Sabemos hoje que Linnaeus subestimou o número de plantas da
Terra. Posteriormente mais e mais espécies foram sendo descritas em jornais e
publicações. Na ignorância do trabalho uns dos outros, por vezes, as mesmas
espécies acabaram sendo descritas e registadas com nomes diferentes por dois ou
mais autores, gerando uma confusão que chegou aos dias de hoje. Essa é apenas
uma das razões que contribui para a listas de sinónimos bastante extensas de
algumas espécies.
A verdade é que nem todos os problemas vêm do passado. Apesar
dos novos e sofisticados meios que podem ser postos ao dispor dos cientistas
faltam, muitas vezes, os fundos que sustentem e possibilitem as investigações.
Outro problema é a falta de consenso que resulta da escolha dos caracteres para análise que, sendo múltiplos, nem sempre são coincidentes, cada cientista tendo
a sua própria opinião sobre quais são os fundamentais, pelo que
as conclusões também resultam diferentes.

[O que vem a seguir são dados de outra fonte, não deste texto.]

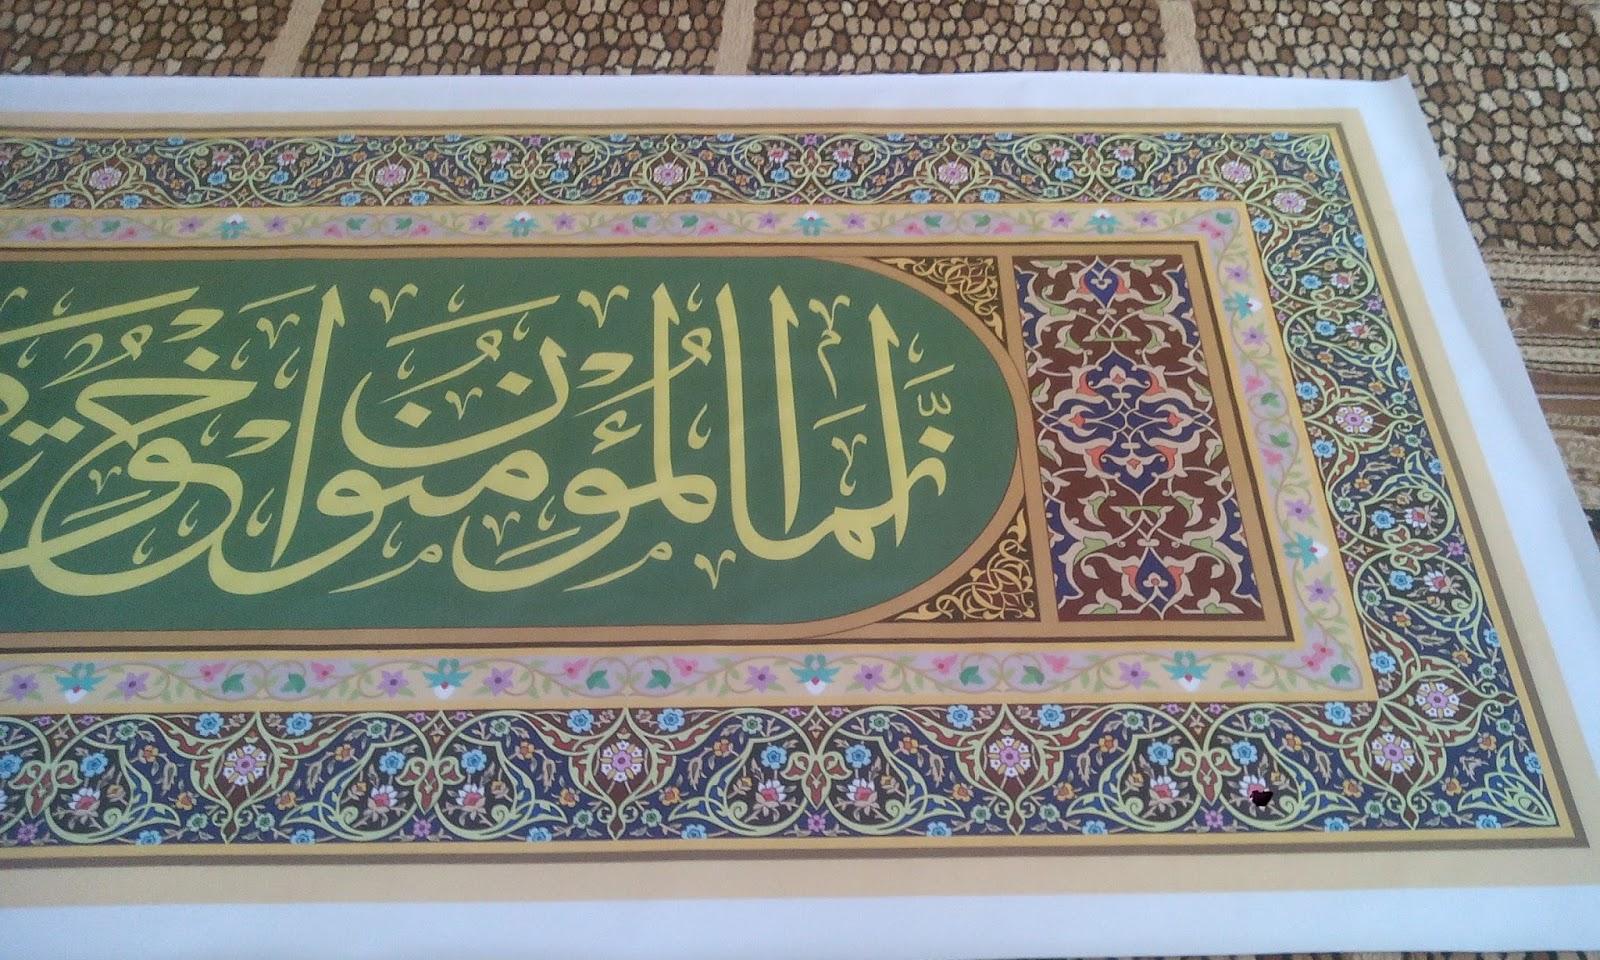 Kaligrafi Digital Kaligrafi Masjid Al Ukhwah Perum UNRI

Todos concordam que é preciso
aperfeiçoar os sistemas de classificação mas, perante a grandeza da tarefa, o consenso
não será fácil de conseguir, a breve prazo.
Polygonum lapathifolium |
A família Polygonaceae inclui de 43 a 55 géneros, abrangendo de
1100 a 1200 espécies que ocorrem numa grande variedade de habitats situados
maioritariamente em zonas temperadas do hemisfério norte com algumas espécies
em regiões tropicais e subtropicais.
Os membros de Polygonaceae são morfologicamente muito variados. Desde que a família foi reconhecida por Jussieu em 1789 a taxonomia de Polygonaceae tem sido continuamente revista. Em causa estão, sobretudo, a circunscrição de subfamílias, tribos e géneros. Muito resumidamente, numa das mais recentes revisões, esta família foi dividida em duas subfamílias, Eriogonoideae e Polygonoideae.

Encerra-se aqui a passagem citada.